This is a conceptually simple problem in 2D euclidean space.
Suppose you have a polyline in 2D euclidean space. How do you draw $n$ rectangles, of the form
$$ \lbrace (x, y) \in \mathbb{R} ^2: x_0 \leq x \leq x_1 \rbrace \cap \lbrace (x, y) \in \mathbb{R} ^2: y_0 \leq y \leq y_1 \rbrace $$
i.e. rectagles aligned with the axes, in such a way that the rectangles cover the polyline, but also minimise the total area?
Presumably you could take a higher and higher number of smaller and smaller rectangles covering the curve, each time getting a smaller total area - so there is no solution here.
But suppose there was a cost $\beta$ associated with adding a rectangle? Let me then state the problem more precisely:
Find natural number $n$ and rectangles $R_1, ... , R_n$ that cover the polyline, such that the cost function
$$ C= \alpha A + \beta n$$ is minimised, where A is the total area of the rectangles added up, and $\alpha$ and $\beta$ are fixed known positive (real) constants. $\alpha$ is a proportionality constant for the area, and $\beta$ is the "cost" of adding a rectangle.
This time increasing the number of rectangles $n$ indefinitely, makes the cost function indefinitely big. So it seems like there is a solution here.

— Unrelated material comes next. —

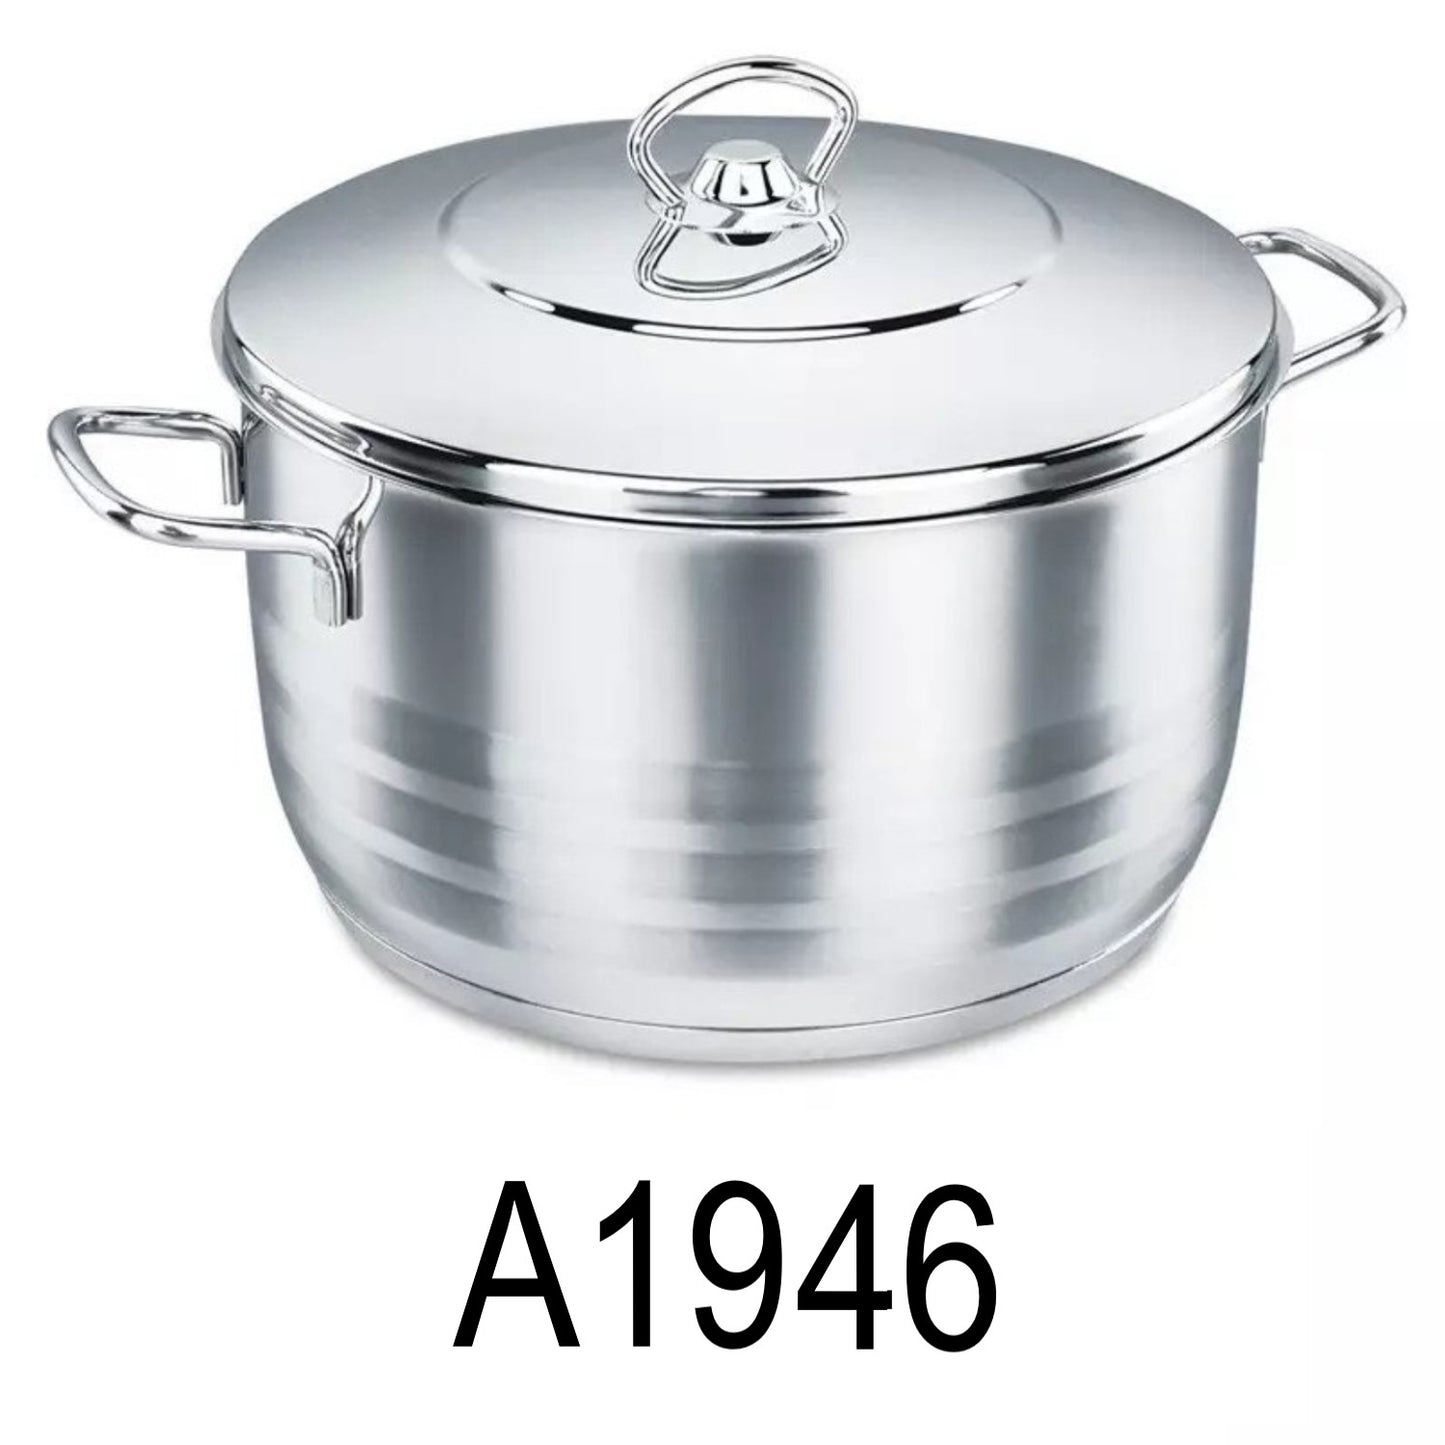 20L Stainless Steel Stockpot

For example, in the picture above, the three orange rectangles acheive a smaller cost that the single rectangle covering the whole line provided that the cost, $\beta$, of adding rectangles is not too high. The solution would be, for a given line, the number $n$ together with the $4 \times n$ real numbers required to define the $n$ rectangles.
Is there an analytical solution here? A numerical solution?
In practice I'm looking for an algorithm that can do "pretty well" at minimising the cost!
Context: the real problem I have is calling an API for road data within a certain bounding box on earth. The road data I get needs to cover the given polyline, but the easy call to make (the bounding box covering the whole line) is too expensive, and is simply too much data when the polyline is very long.